The Department for Digital, Media & Sport has announced plans to formally bring the General Data Protection Regulation into British law in its new Data Protection Bill.
The EU’s GDPR legislation is due to come into force on 25 May 2018 and will bring in stricter requirements for organisations that process data than are currently required under the Data Protection Act 1998 and will allow the Information Commissioner’s Office to levy fines of up to £17m or 4 per cent of global turnover on organisations that breach the rules.
A statement of intent on the proposed bill, published today, makes it clear that the government intends to maintain the requirements of the GDPR even after the UK leaves the EU in March 2019.
It acknowledges that the GDPR applies only to areas of law for which the EU has oversight.
But it adds: "This means that our own laws will need to apply data protections to other areas, and we intend to apply substantively the same standards to all general data in order to create a clear and coherent data-protection regime."
Although charities will be required to adhere to the GDPR across all aspects of their work, the most controversial area it will have an impact on is fundraising, and the statement of intent reiterates the government’s commitment to enforce the GDPR’s more stringent requirements on consent.
"We will ensure that the default reliance on the use of default opt-out or pre-selected ‘tick boxes’ – which are, in any case, largely ignored – will become a thing of the past," it says.
In a letter to stakeholders accompanying the announcement, Matt Hancock, the Minister of State for Digital, said the government would work with the Information Commissioner to ensure that guidance was available to help organisations navigate the new requirements.
Daniel Fluskey, head of policy and research at the Institute of Fundraising, said: "Reading today’s announcement, we understand that the new Data Protection Bill’s focus is on bringing the GDPR requirements into domestic law ready for the post-Brexit world.
"Charities are continuing to adapt and change how they work, not just to meet new legislative requirements, but to ensure that they are giving the best experience to their supporters.

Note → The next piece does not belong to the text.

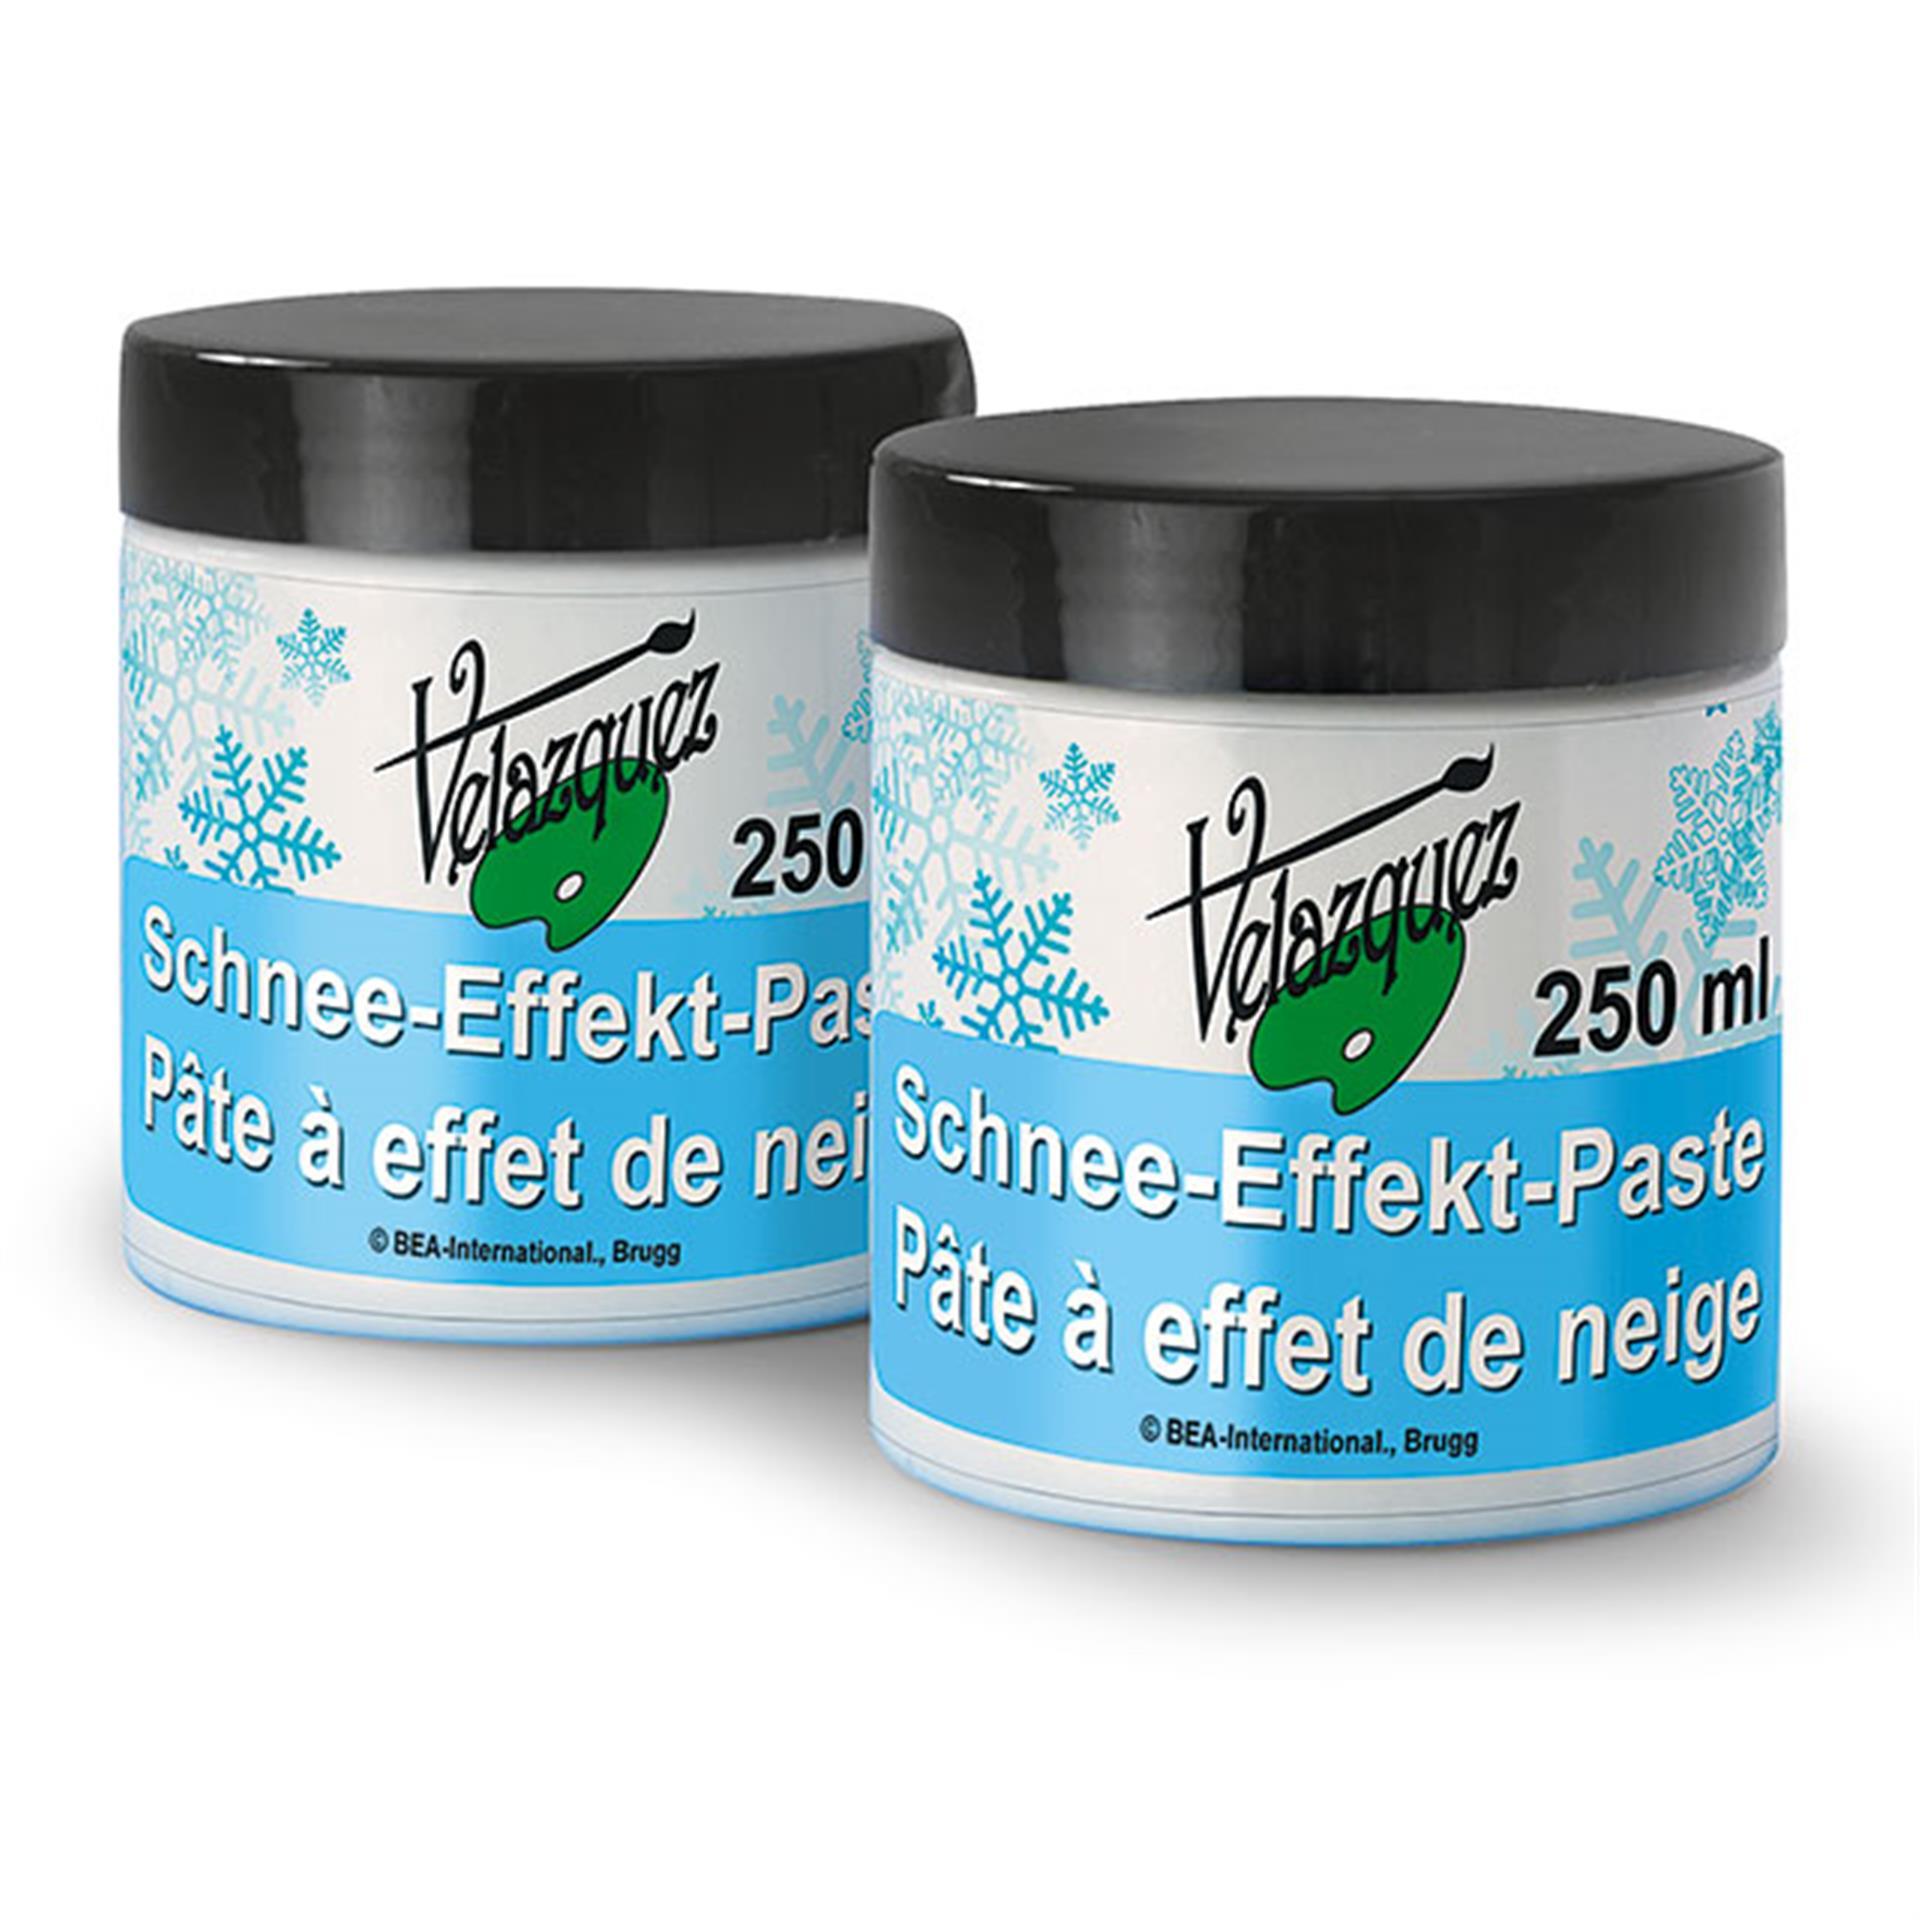 Struktur Schnee Paste 2 Stk. à 250 ml

We’ll be looking closely at the details when the bill is published later in the year to ensure any issues affecting fundraisers are considered in the new legislation."
The DCMS also published the responses to its consultation on the areas of the GDPR where the UK has been able to exercise some discretion in how the law is applied.
The Charity Commission was among those organisations that responded to the consultation.
In its response, the regulator expressed concerns about the GDPR’s requirements for processing sensitive personal data, particularly concerning someone’s criminal convictions, which say that only "bodies vested with official authority" can process such information.
It is not clear whether this would include the commission, and the commission expressed concern that it could "significantly impede its regulation of charities" if it was unable to access information about someone’s previous convictions that would disqualify them from serving as a trustee.
But in its statement of intent, the government says it listened to such concerns and would legislate to extend the right to process personal data on criminal convictions and offences to other organisations.
A spokesman for the DCMS said the bill would be put before parliament after the summer recess and the government was committed to ensuring it was passed before the GDPR came into force.